= Glycemic load =

Estimate of how a quantity of food will raise a blood glucose level

The glycemic load (GL) of food is a number that estimates how much the food will raise a person's blood glucose level after it is eaten. One unit of glycemic load approximates the effect of eating one gram of glucose. Glycemic load accounts for how much carbohydrate is in the food and how much each gram of carbohydrate in the food raises blood glucose levels. Glycemic load is based on the glycemic index (GI), and is calculated by multiplying the weight of available carbohydrate in the food (in grams) by the food's glycemic index, and then dividing by 100.

==Description==
Glycemic load estimates the impact of carbohydrate intake using the glycemic index while taking into account the amount of carbohydrates that are eaten in a serving. GL is a GI-weighted measure of carbohydrate content. For instance, watermelon has a high GI, but a typical serving of watermelon does not contain many carbohydrates, so the glycemic load of eating it is low.

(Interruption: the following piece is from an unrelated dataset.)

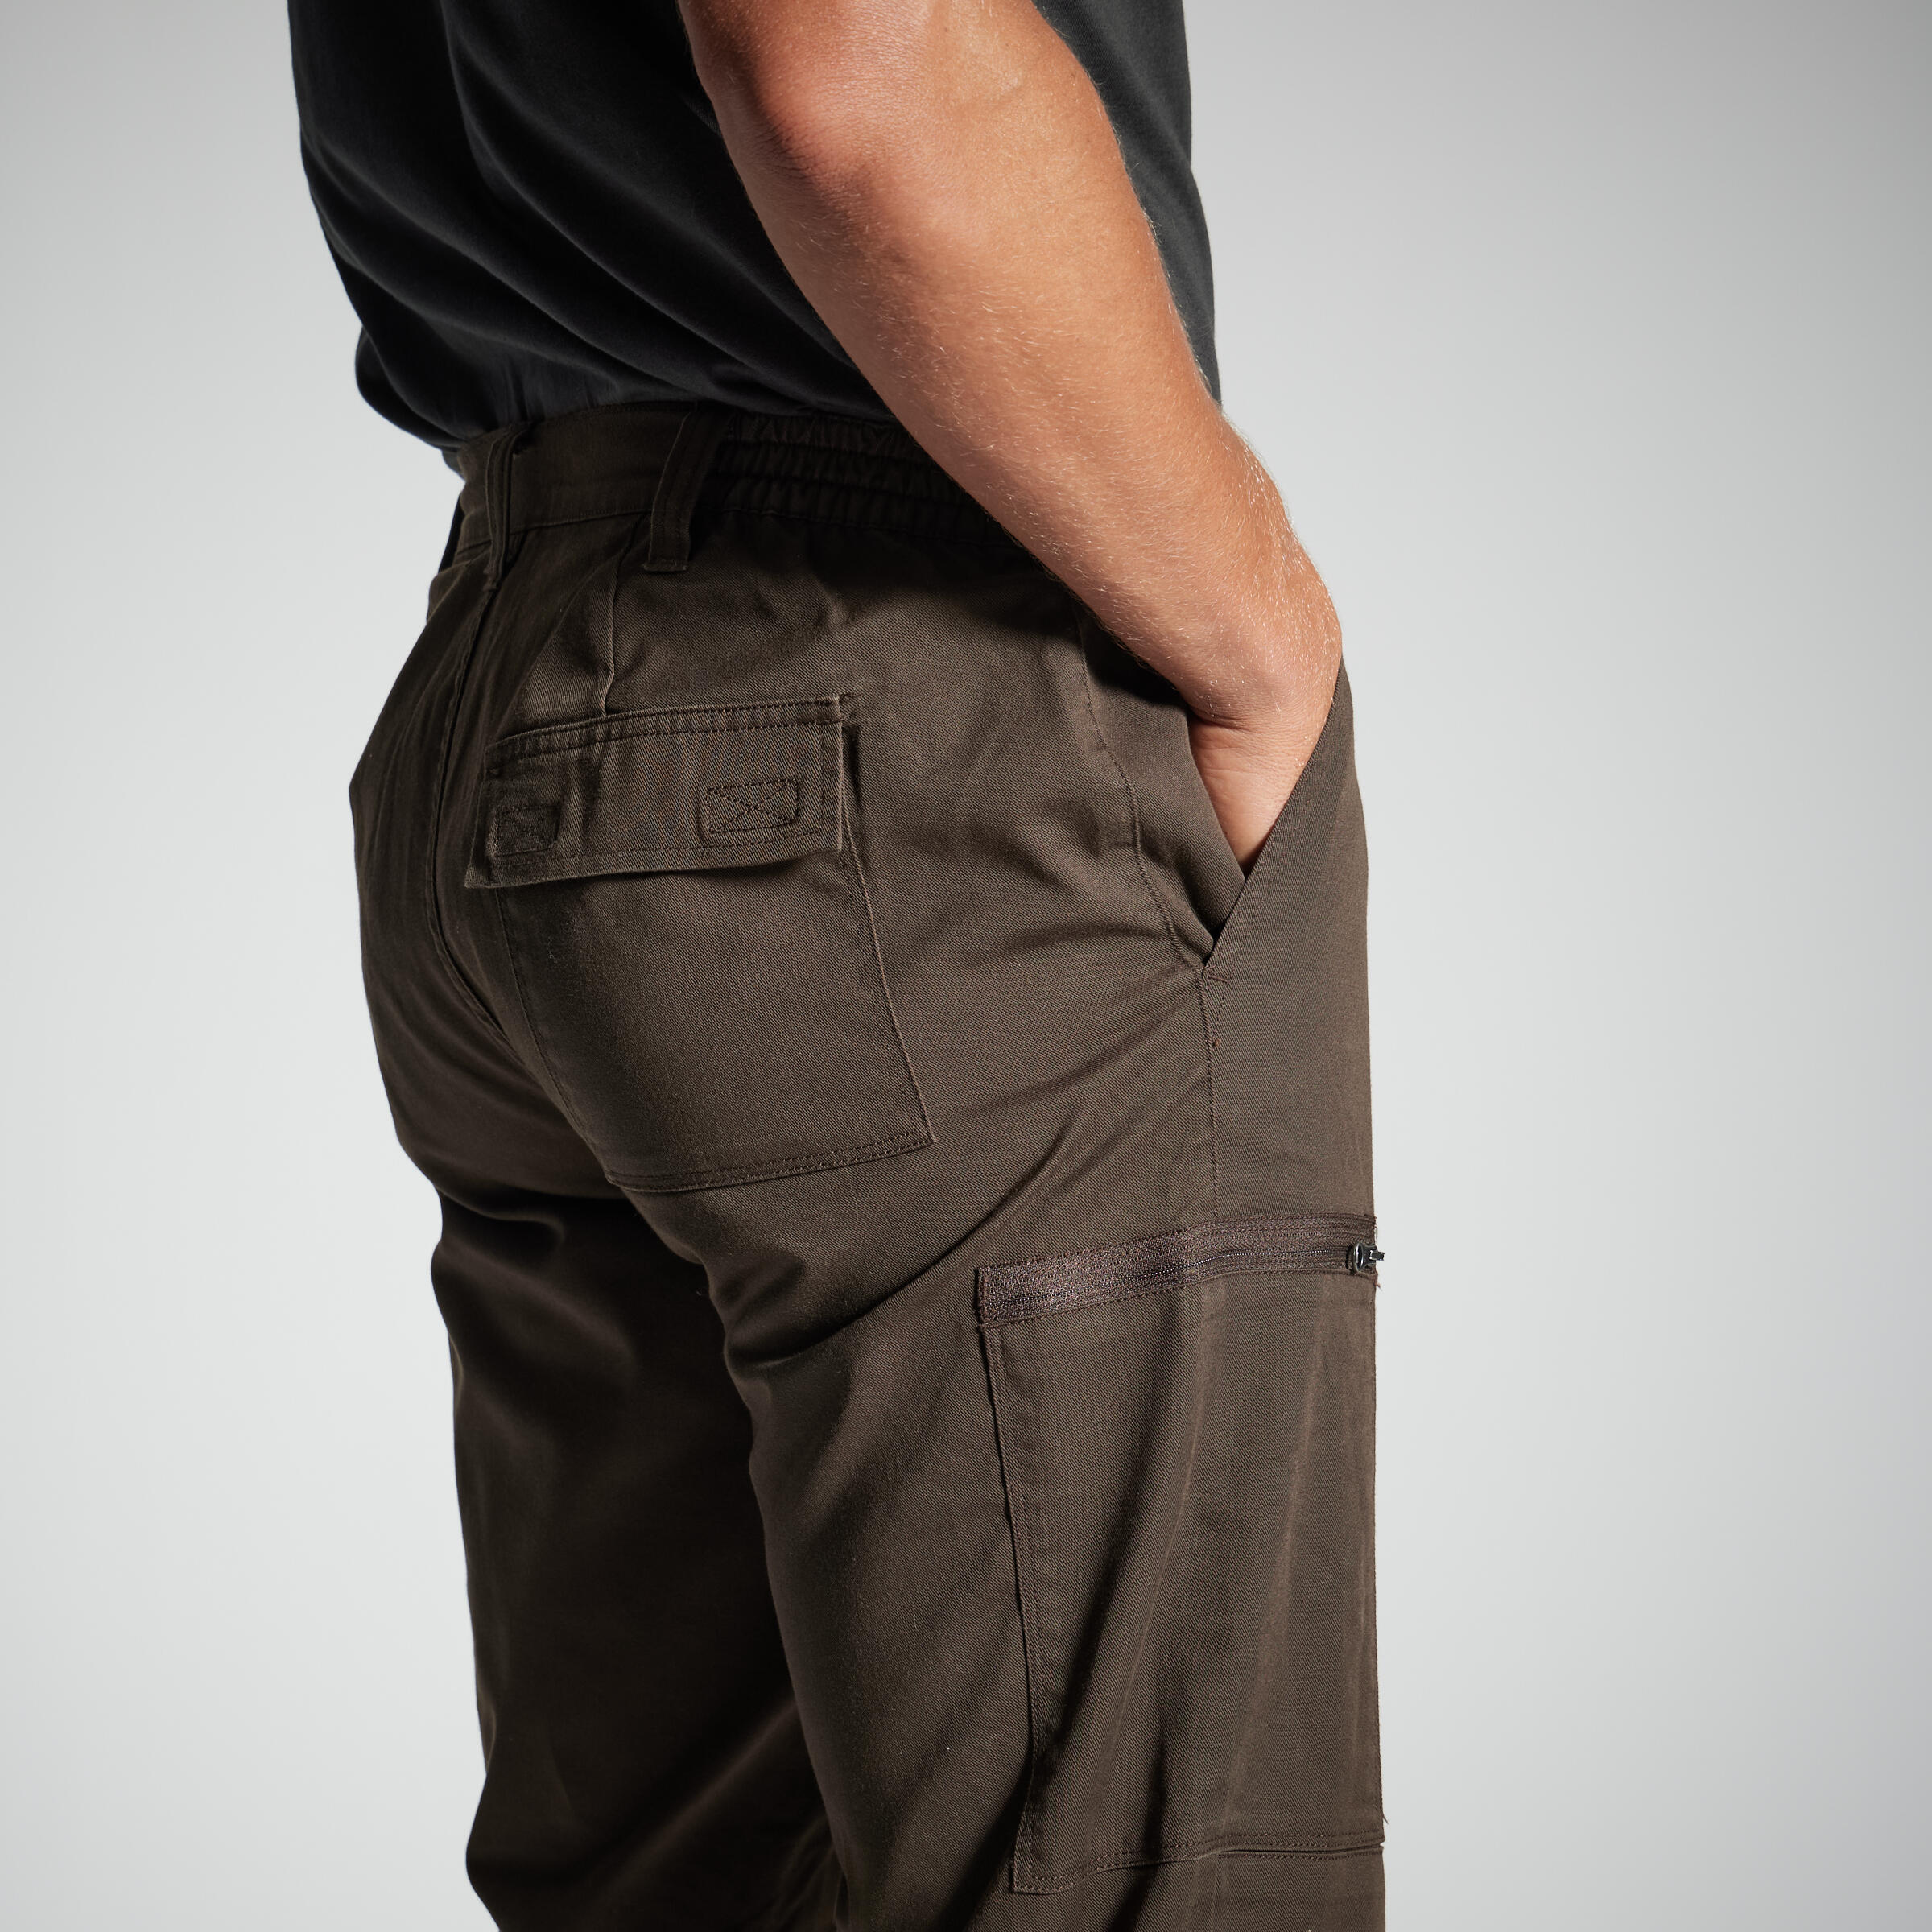 Men Cargo Trousers Pants SG-100 - Green

Whereas glycemic index is defined for each type of food, glycemic load can be calculated for any size serving of a food, an entire meal, or an entire day's meals.

Glycemic load of a 100 g serving of food can be calculated as its carbohydrate content measured in grams (g), multiplied by the food's GI, and divided by 100. For example, watermelon has a GI of 72. A 100 g serving of watermelon has 5 g of available carbohydrates (it contains a lot of water), making the calculation (5 × 72)/100=3.6, so the GL is 3.6. A food with a GI of 90 and 8 g of available carbohydrates has a GL of 7.2 (8 × 90/100=7.2), while a food with a GI of just 6 and with 120 g of carbohydrate also has a GL of 7.2 (120 × 6/100=7.2).

For one serving of a food, a GL of 20 or greater is considered high, a GL of 11–19 is considered medium, and a GL of 10 or less is considered low. Foods that have a low GL in a typical serving size almost always have a low GI. Foods with an intermediate or high GL in a typical serving size range from a very low to very high GI.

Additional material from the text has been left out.